The problem:
With pictures removed, the data below should be returned exactly.

Provided data:
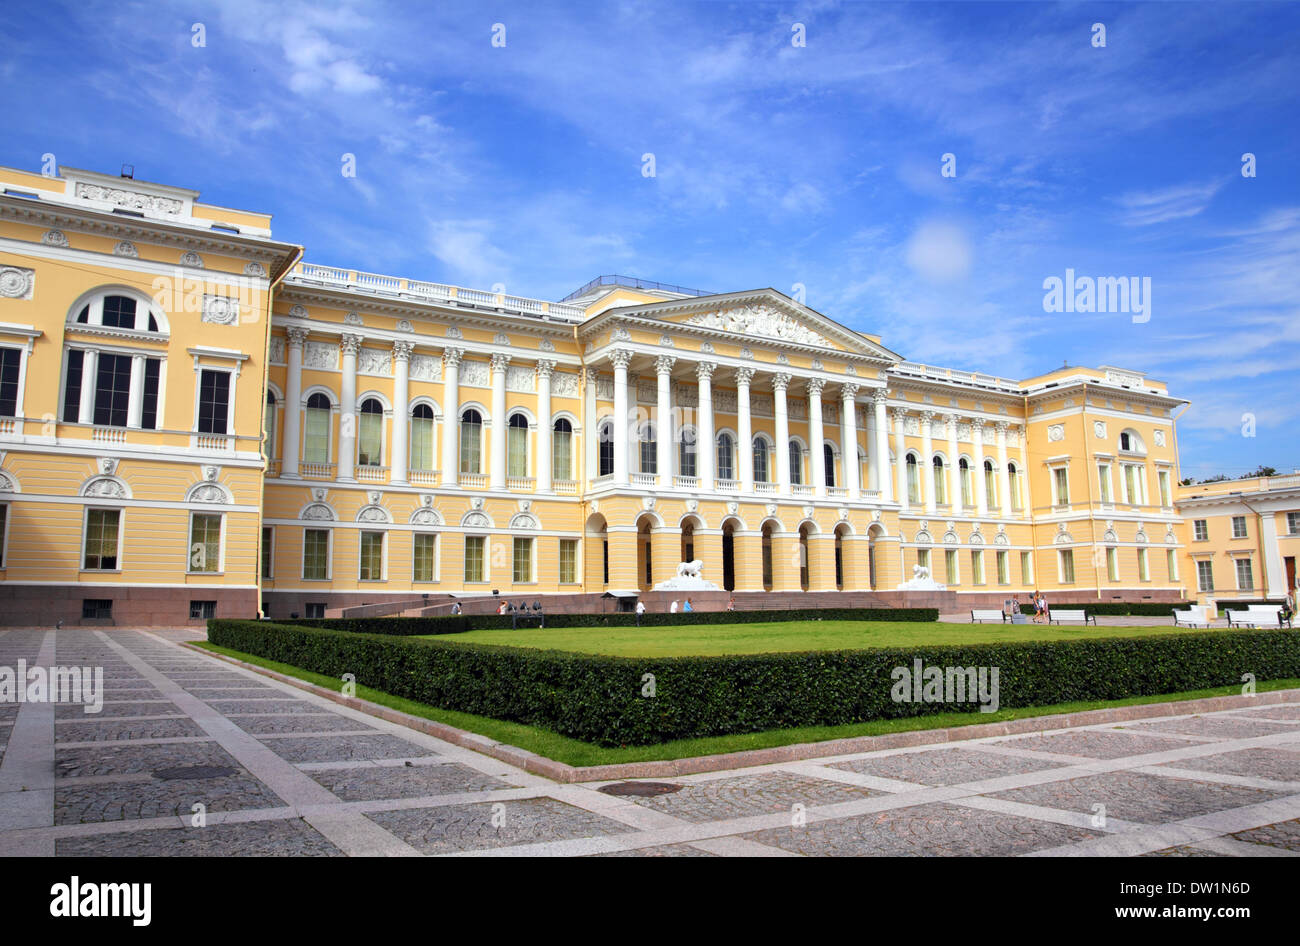 Russian museum in St. Petersburg Russia Stock Photo
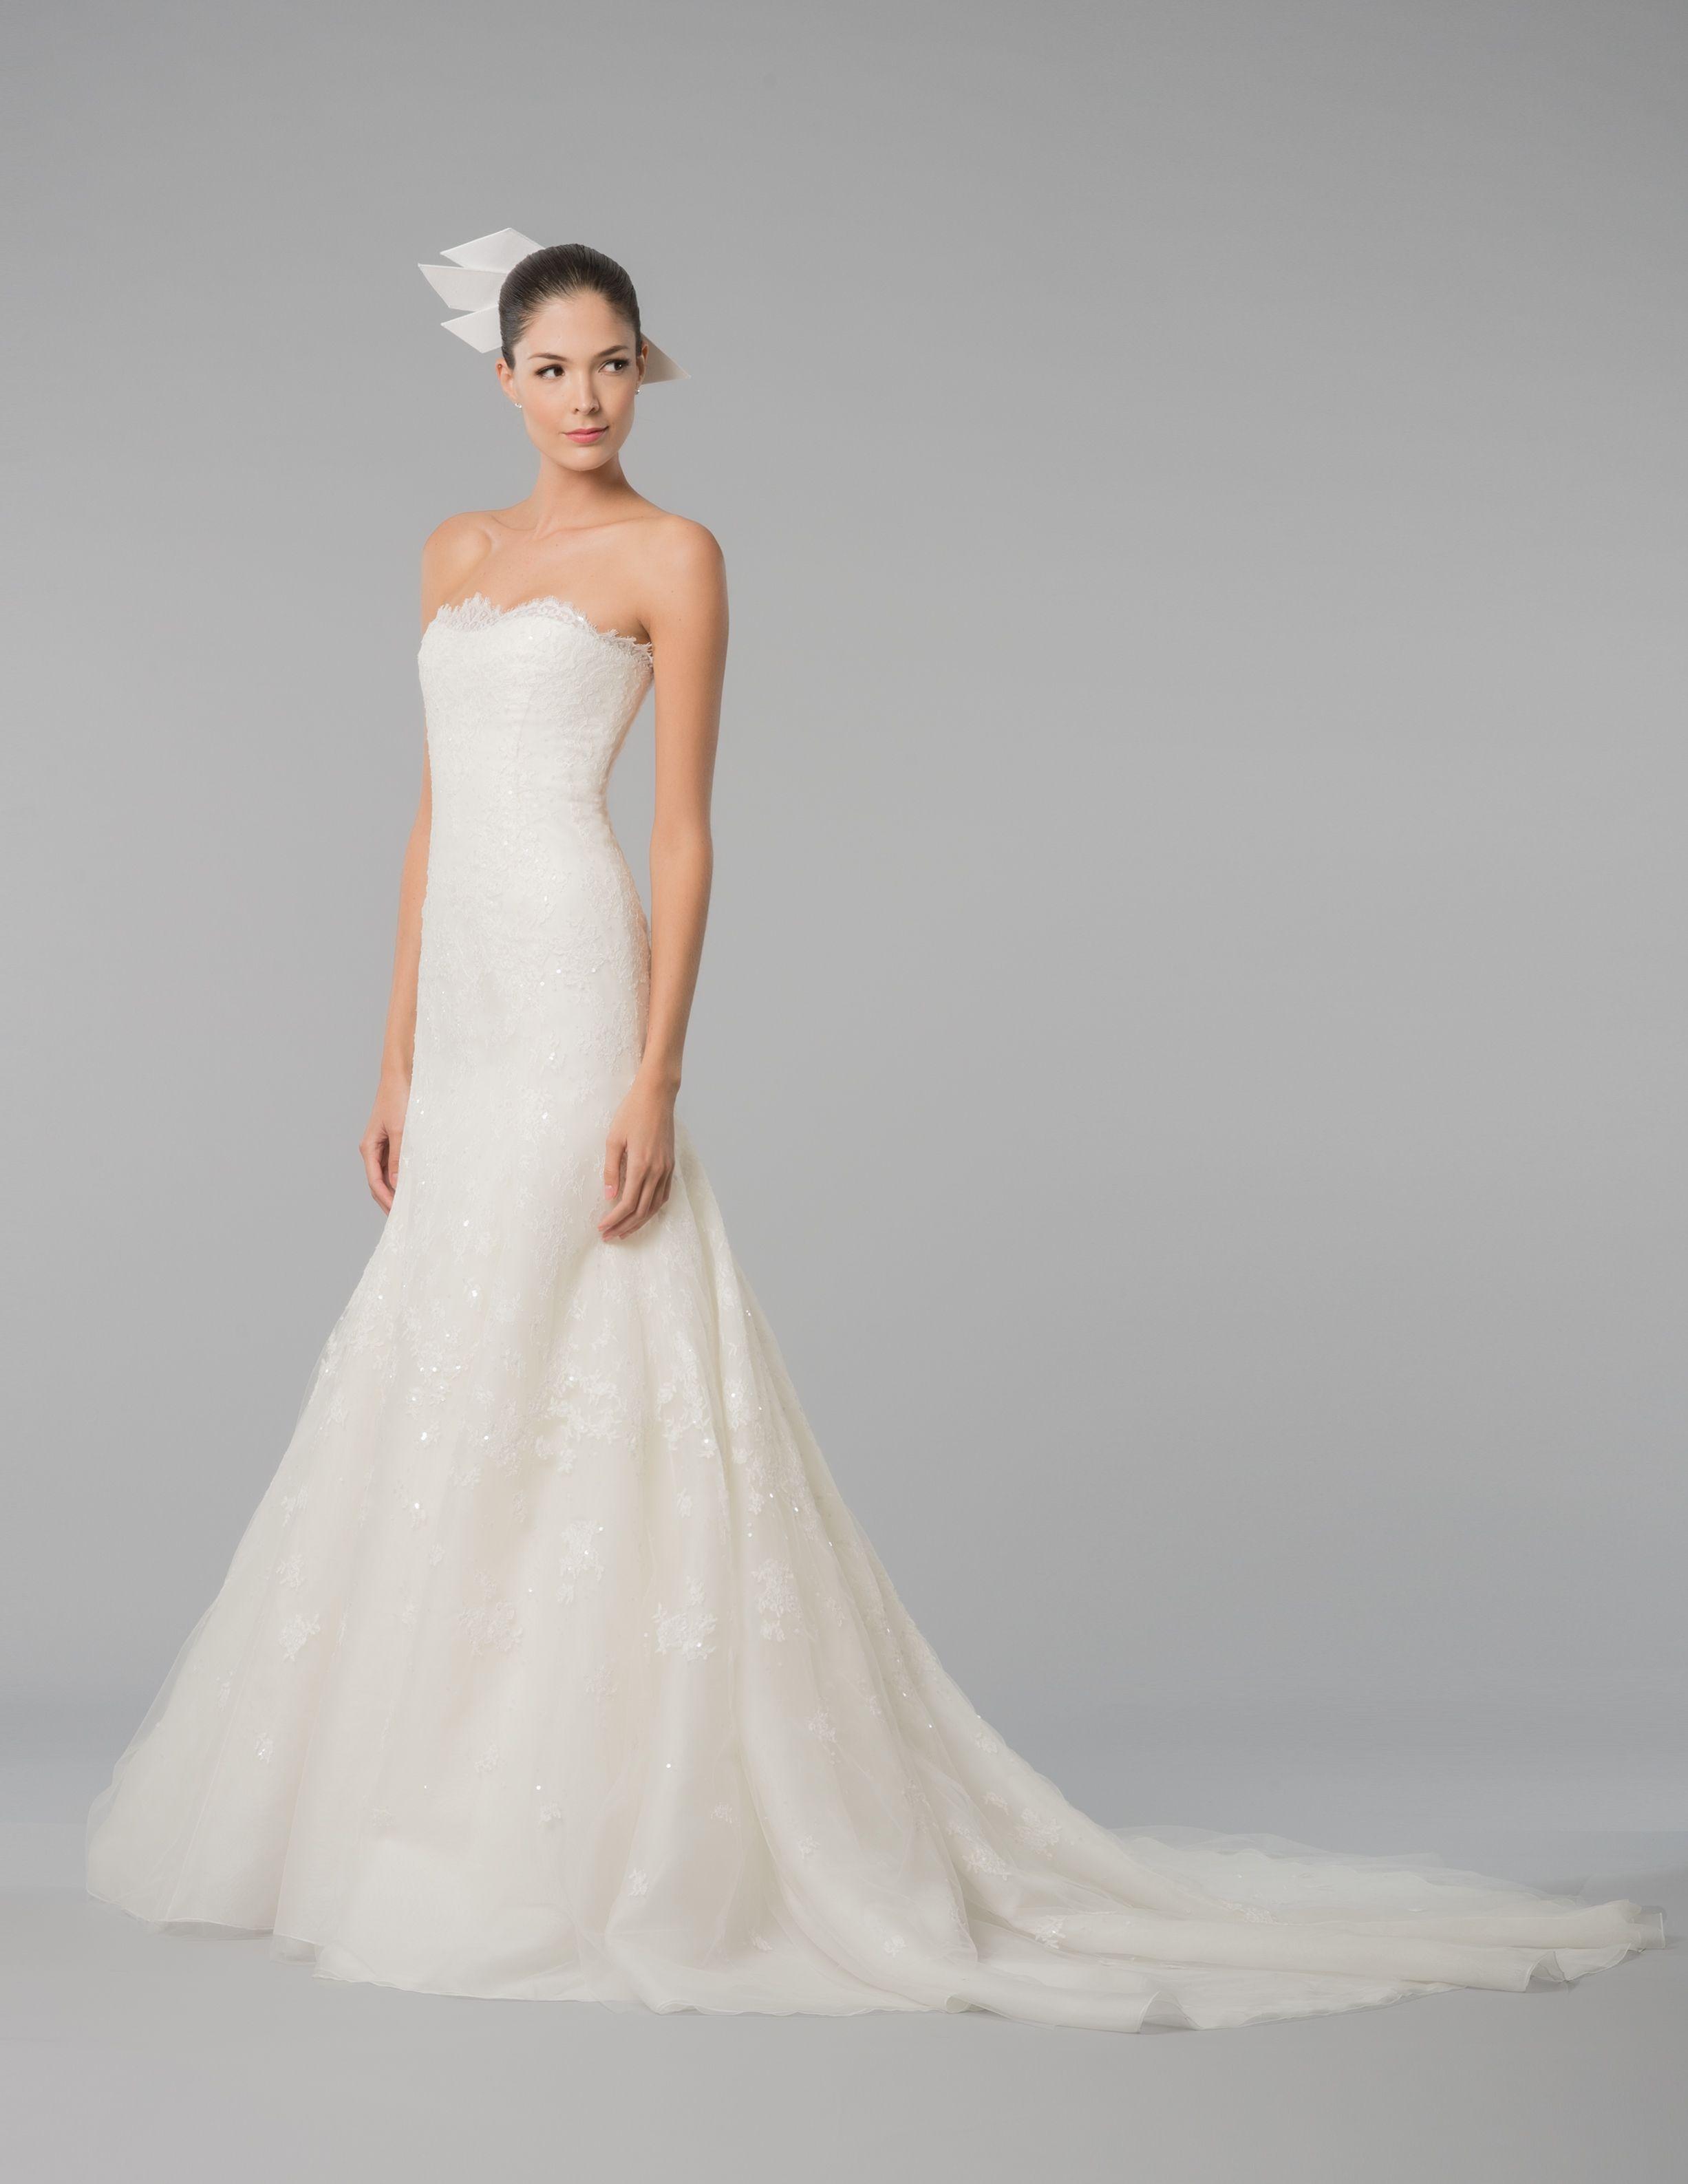 Twirl New York Spring 2015 | Carolina herrera, 2016 wedding dresses ...
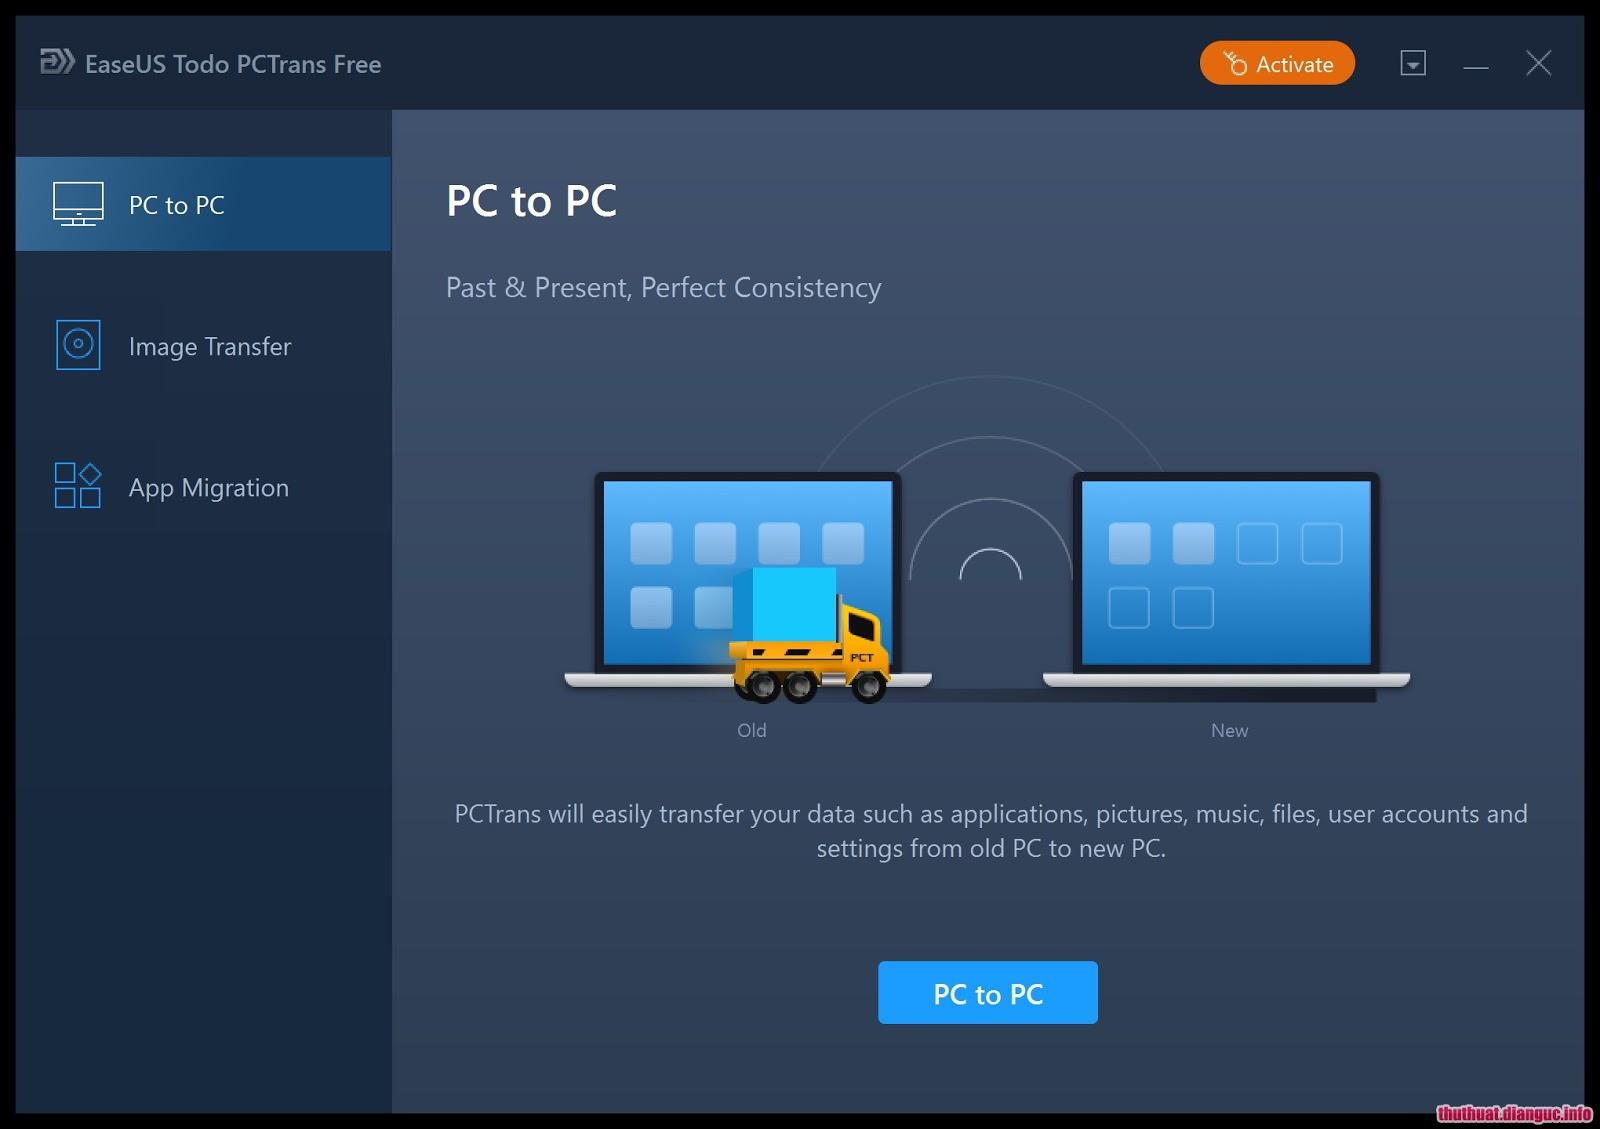 Download EaseUS Todo PCTrans Pro 10.0 Full Crack, tạo bản sao lưu các ứng dụng, EaseUS Todo PCTrans Pro, EaseUS Todo PCTrans Pro free download, EaseUS Todo PCTrans Pro full key

Solution to the problem:
 Russian museum in St. Petersburg Russia Stock Photo
 Twirl New York Spring 2015 | Carolina herrera, 2016 wedding dresses ...
 Download EaseUS Todo PCTrans Pro 10.0 Full Crack, tạo bản sao lưu các ứng dụng, EaseUS Todo PCTrans Pro, EaseUS Todo PCTrans Pro free download, EaseUS Todo PCTrans Pro full key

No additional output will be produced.